**EXCERPTED RECORDS**
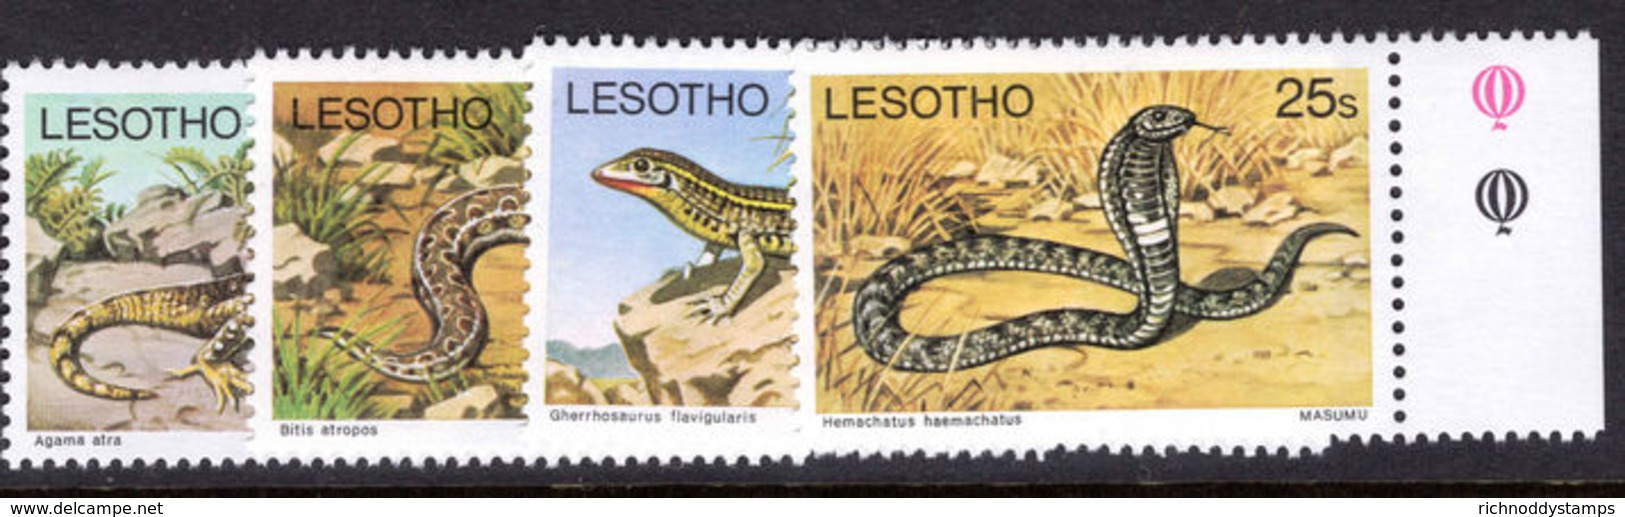 Lesotho 1979 Reptile Sideways Watermark Unmounted Mint. - Lesotho (1966-...)
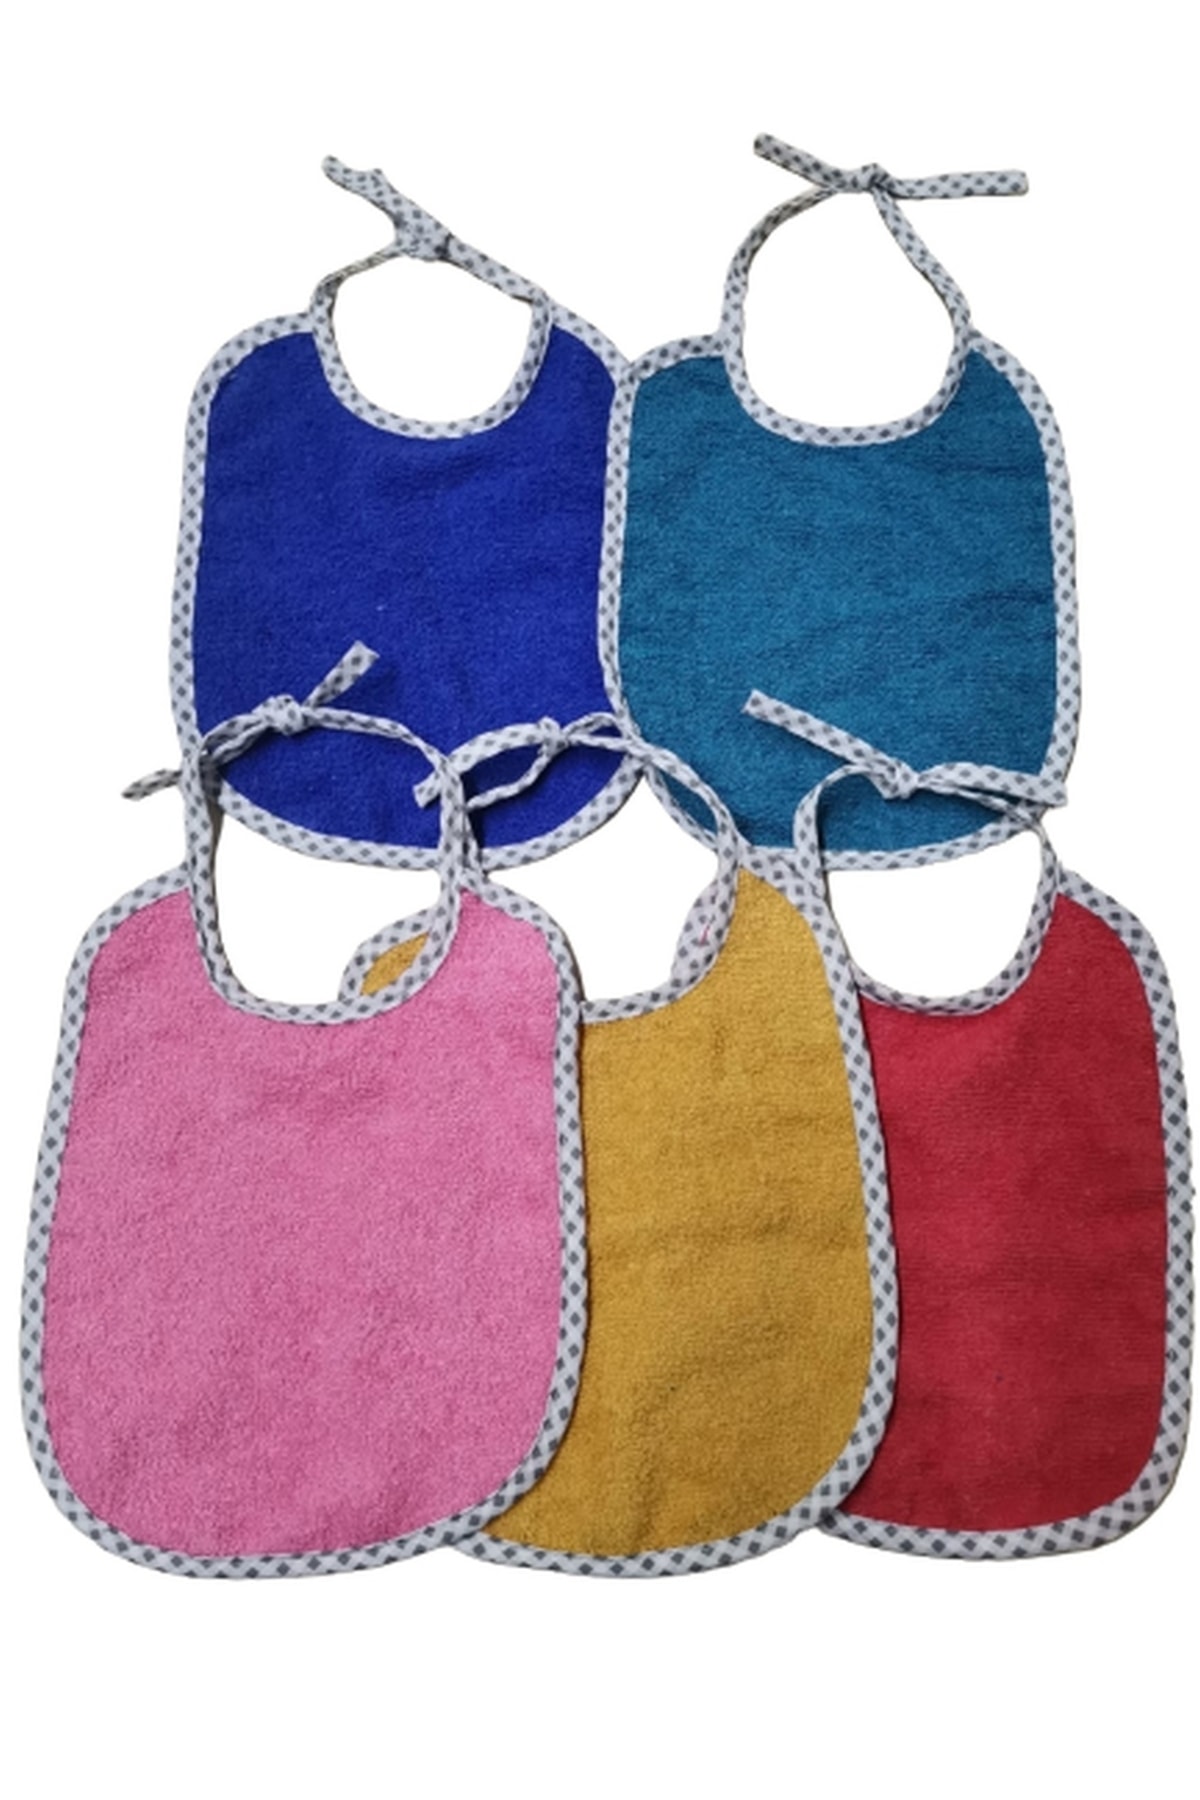 Podiumtex Bebek Önlüğü Farklı Soft Renkler-biyeli-pamuk-5 Adet
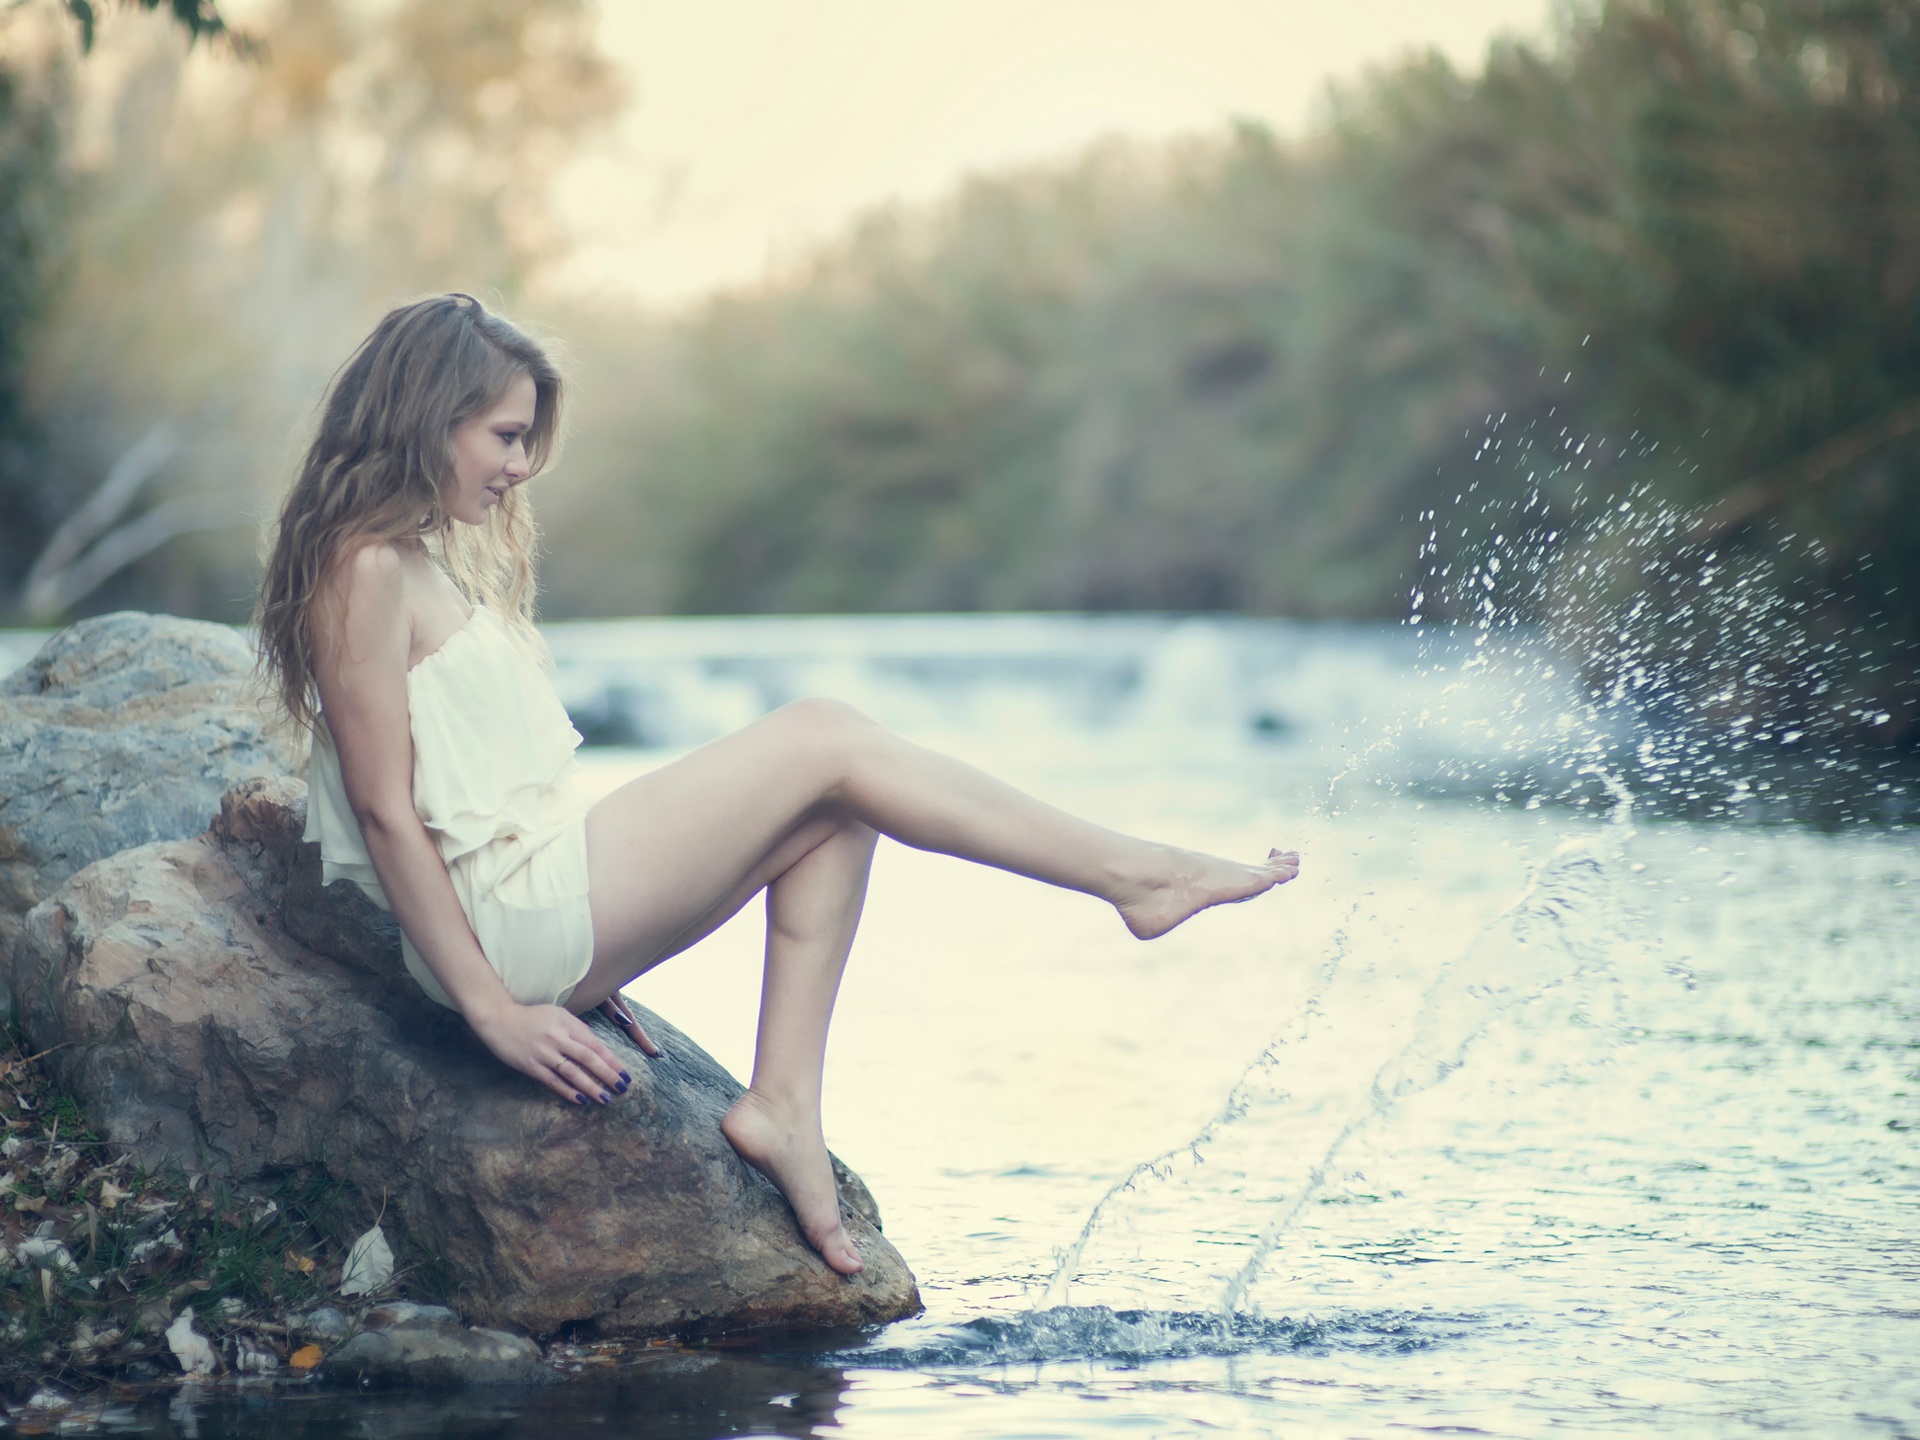 White-dress-girl-legs-water-splash_1920x1440.jpg
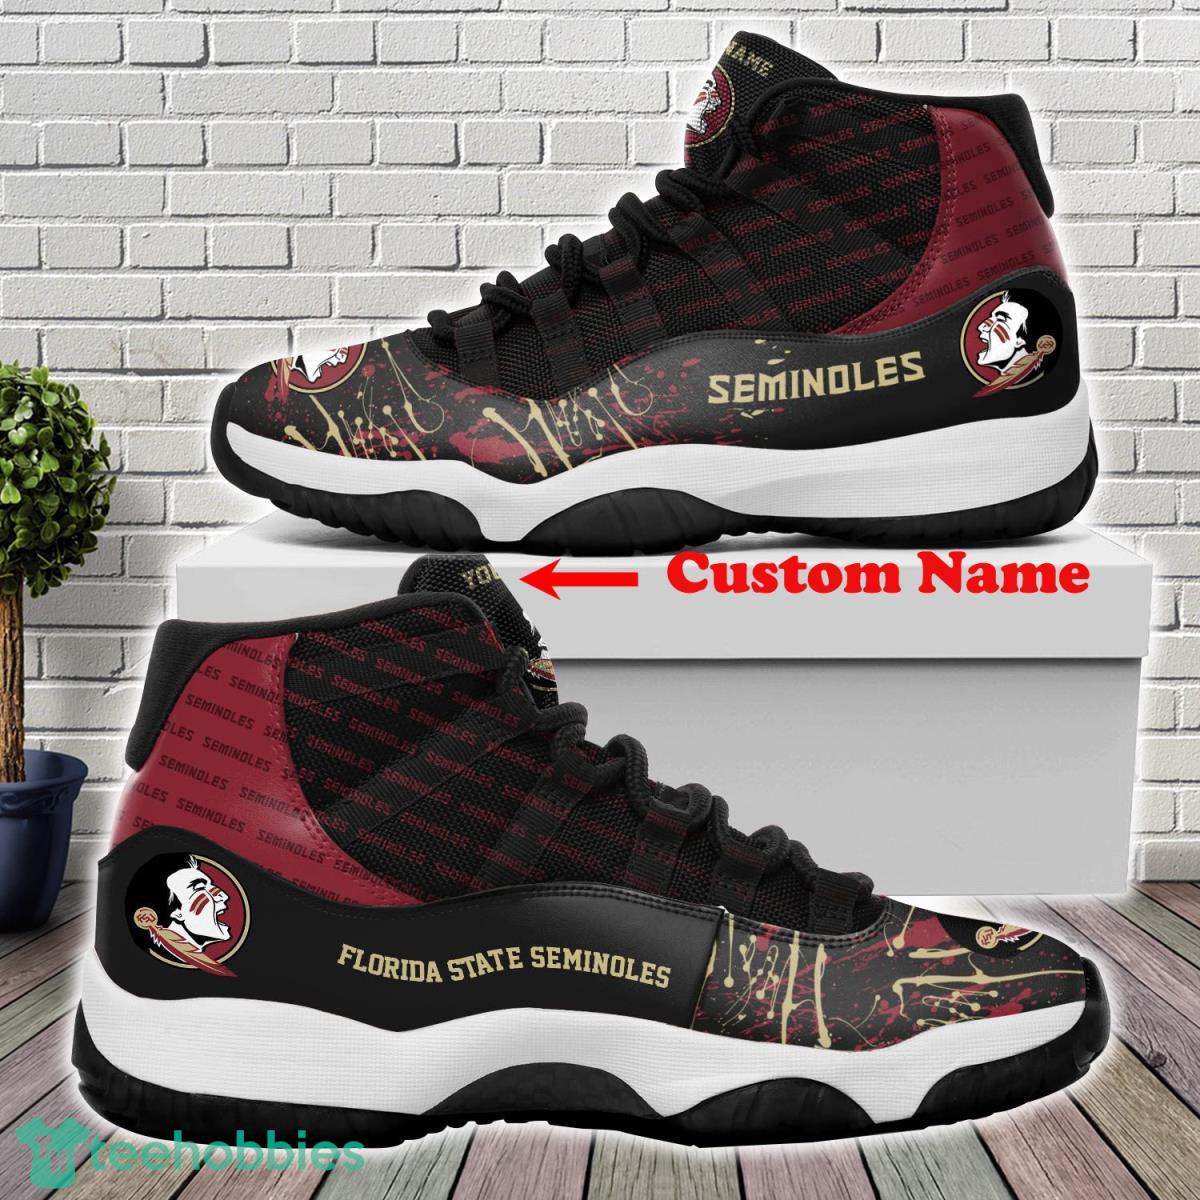 Florida State Seminoles Custom Name Air Jordan 11 Sneakers For Fans Product Photo 1
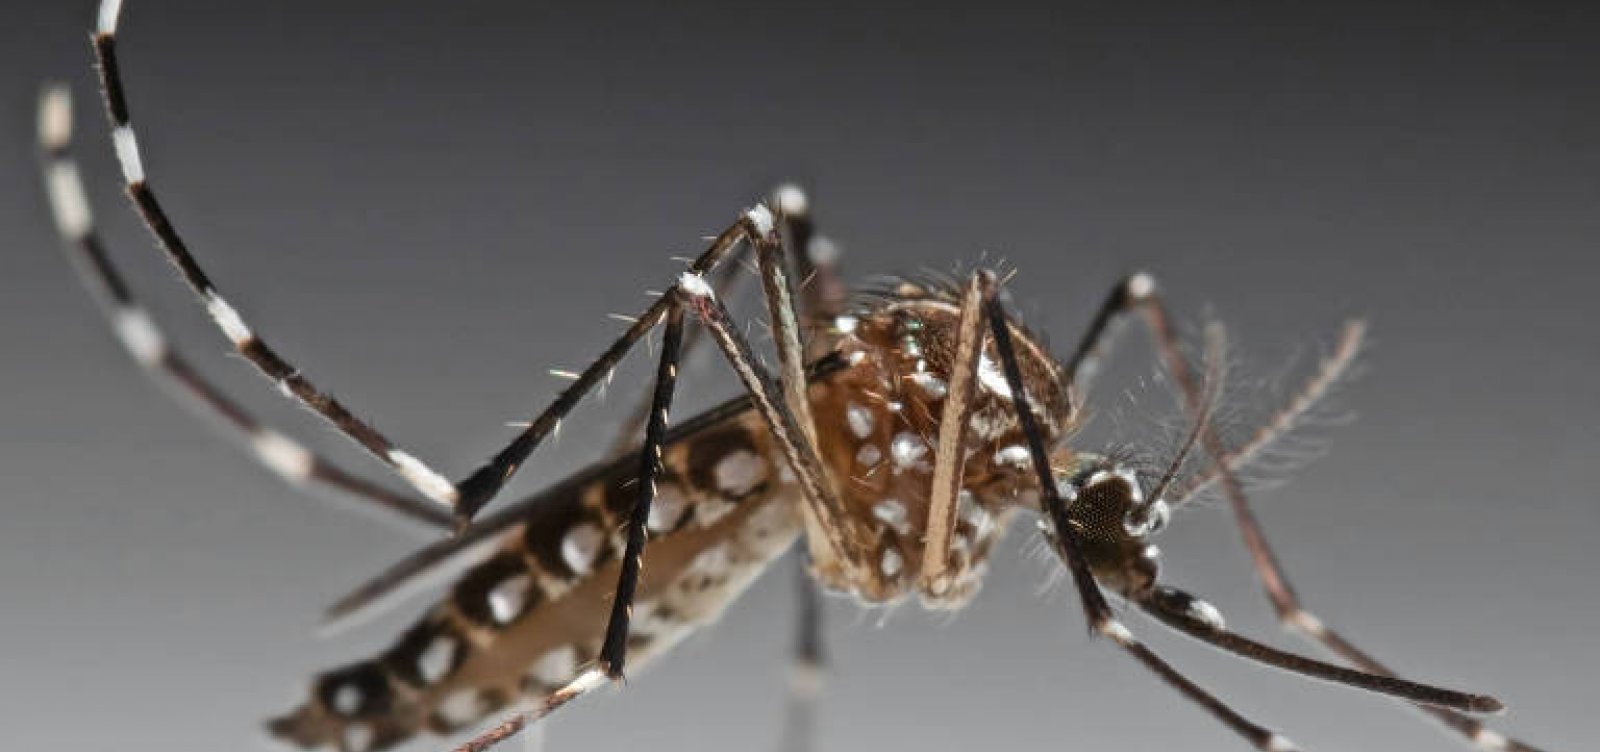 Governo quer reaproveitar inseticida para dengue com validade vencida

**EXERCISE GOAL**
All that is needed is the span from the line with "Florida State Seminoles" through the last line of the material above, reproduced exactly and free of pictures.

**ANSWER SECTION**
 Florida State Seminoles Custom Name Air Jordan 11 Sneakers For Fans Product Photo 1
 Governo quer reaproveitar inseticida para dengue com validade vencida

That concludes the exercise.